Мещане — люди, но без загада,

без дальнего плана, без точных надежд.

Человечество в эпоху заката

идей,

   торжества обуж и одежд.

Их следует не костерить, а воспитывать.

Их следует, словно брезент, пропитывать

смолою плана, программы, мечты;

выращивать в них инстинкт высоты.

В конце концов, мещане — люди.

С них спрос — людской,

людской им суд.

А яблочком

      на золоченом блюде

героев и гениев не поднесут.

«Высоковольтные башни…»

Высоковольтные башни,

великие, словно Петр,

стоят в грязи по колено,

до края бетонных ботфорт.

Дожди их зря оплакивают:

почетнее нет стези.

Они, словно Петр, выволакивают

Отечество

       из грязи.

Старая техника

Дребезжащая техника!

               Толстым шпагатом

перевязанные винты и болты.

Вам, умелым, обученным или богатым,

не понять, не усвоить ее красоты.

Не понять вам, как радостен свет от движка,

как тепло от бензиновой бочки приятно.

Дребезжащая техника! как ты легка.

Дребезжащее солнышко в солидоле! что твои пятна.

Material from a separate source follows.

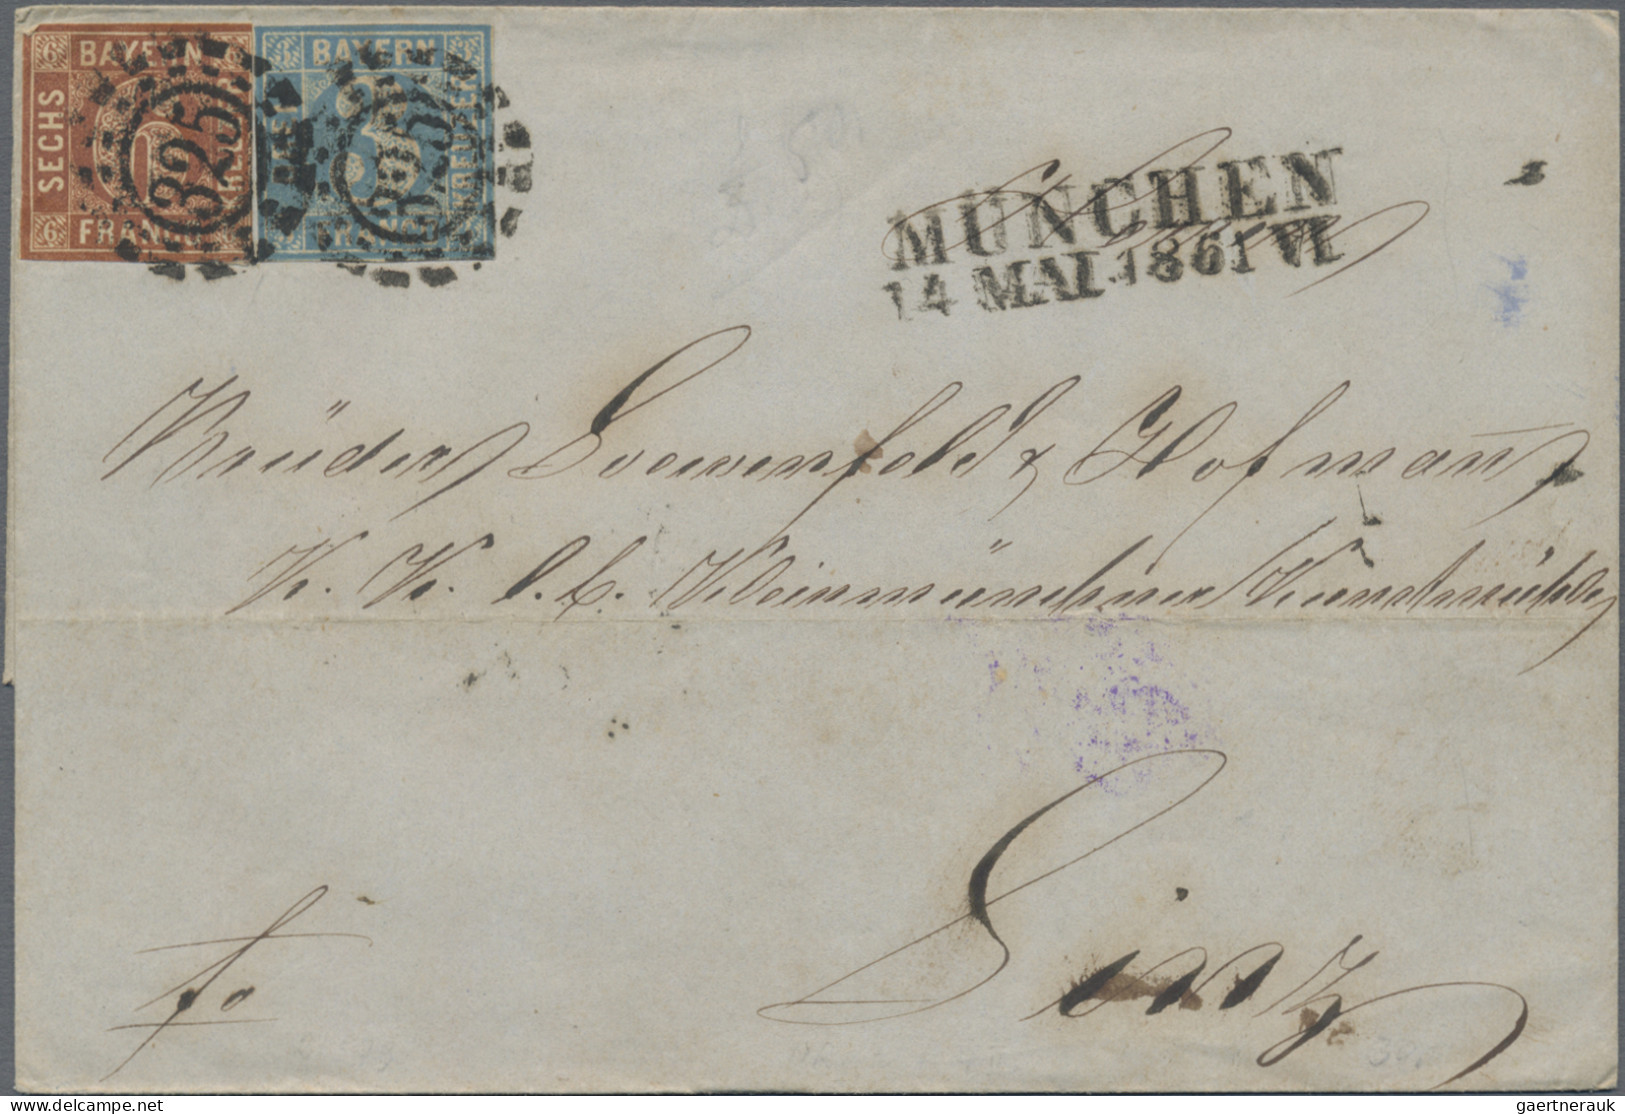 Bayern - Marken und Briefe: 1848/1873, Partie von 28 Briefen der Kreuzerzeit, me

Несмотря ни на что, а не благодаря,

вопреки всему недружелюбному, техника старая эта

поднимается ни свет ни заря.

До зари поднимается

               и до свету

дребезжащая, скрипящая кое-как,

перешедшая грани фантастики,

и работает — на сокращенных пайках.

Как работает! Что там дюрали и пластики!

Дребезжа,

и визжа,

и скрипя,

и хрипя,

от души

отдает

человеку

себя.

«Город похож на бред малокультурного фантаста…»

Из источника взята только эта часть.